The Hague ruling marks a definitive moment in the evolution of maritime law and Asia’s geopolitical order. The court case is over, but the dispute is not. The South China Sea, through which more than $5.3 trillion of maritime trade passes each year, is now the arena of a geopolitical poker game that will determine the future of regional order: Pax Sinica or Pax Americana. Washington seems as determined to preserve the U.S.-led liberal international order as Beijing is to change and modify it.
The PCA ruling forces China to decide what kind of a power it aspires to be—one that upholds existing laws and norms or one that flouts them in naked pursuit of power, territory, and hegemony. Whether a major power becomes a great power or not is also determined by the reactions or acquiescence of others. The support of Gambia, Sudan, Pakistan, Laos, or Cambodia will definitely not make China a great power. So, the choice is clear: Beijing can either dial down tensions or double down on its disputes. China’s choices will shape Asia’s future. Should Beijing adopt a moderate foreign policy course and re-commit itself to international law and norms, the Asian security environment will improve. All Asian countries want to benefit from economic ties with China, but none want the return of a Sino-centric tributary order.

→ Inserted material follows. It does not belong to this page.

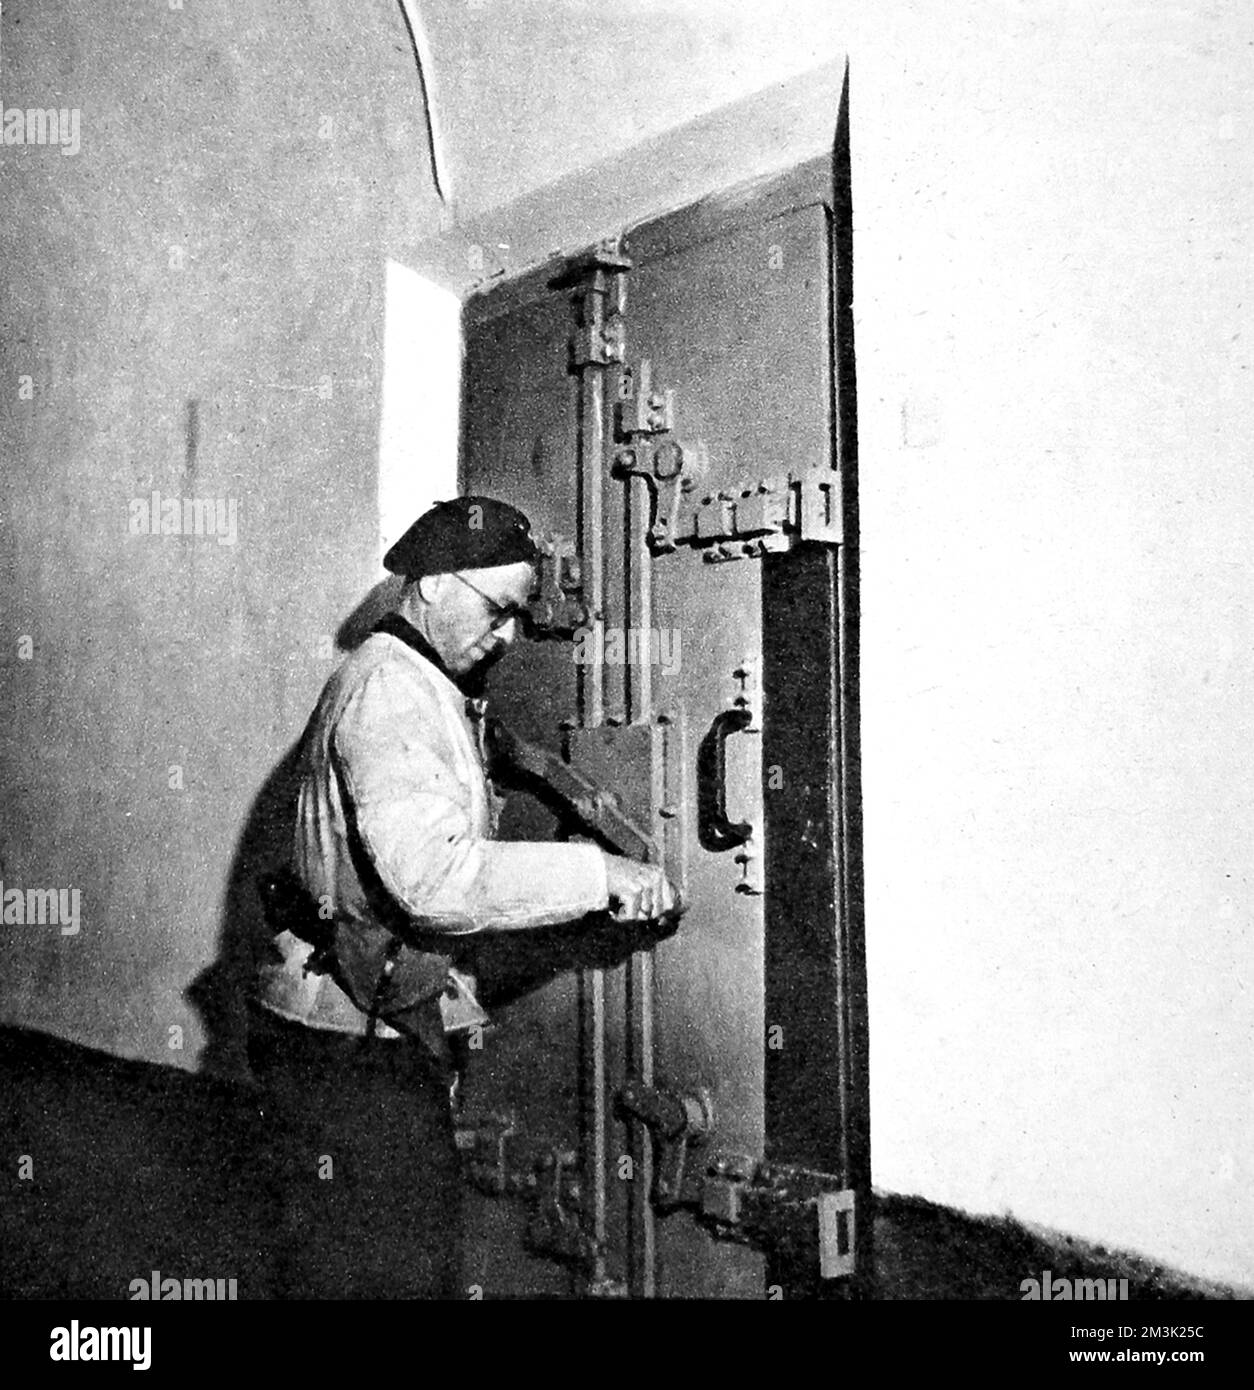 Foto mit der schalldichten, luftdichten, schweren Stahltür der Gaskammer in Breendonck Fort, Belgien, 1944. Diese Festung zwischen Brüssel und Antwerpen wurde von den Nazi-Sicherheitsdiensten während ihrer Besetzung Belgiens zwischen 1940 und 44 genutzt. Datum: 1944 Stockfoto

Faced with an aggressive China, Asia’s major maritime and democratic powers—India, Japan, and Australia—will work in a more synchronized manner in a quadrilateral grouping with the United States. They will be backed by middle powers (South Korea, Vietnam, the Philippines, Malaysia, and Indonesia) which are increasingly worried about Chinese maritime behavior. They will cooperate closely with each other to promote and defend a rules-based order that does not advantage big and powerful nations at the expense of small and weak states. Over time, various bilateral, trilateral (such as Japan-Vietnam-the Philippines, the United States-Japan-India, Australia-Indonesia-India, India-Japan-Vietnam), and informal multilateral efforts to constrain China could coalesce into a maritime coalition or the “Indo-Pacific Maritime Partnership” (an “Asian NATO” by another name). If the Chinese dragon is seen as running rampant in lands and seas around India, a weak Indian tilt toward the United States would turn into a firm alignment against China.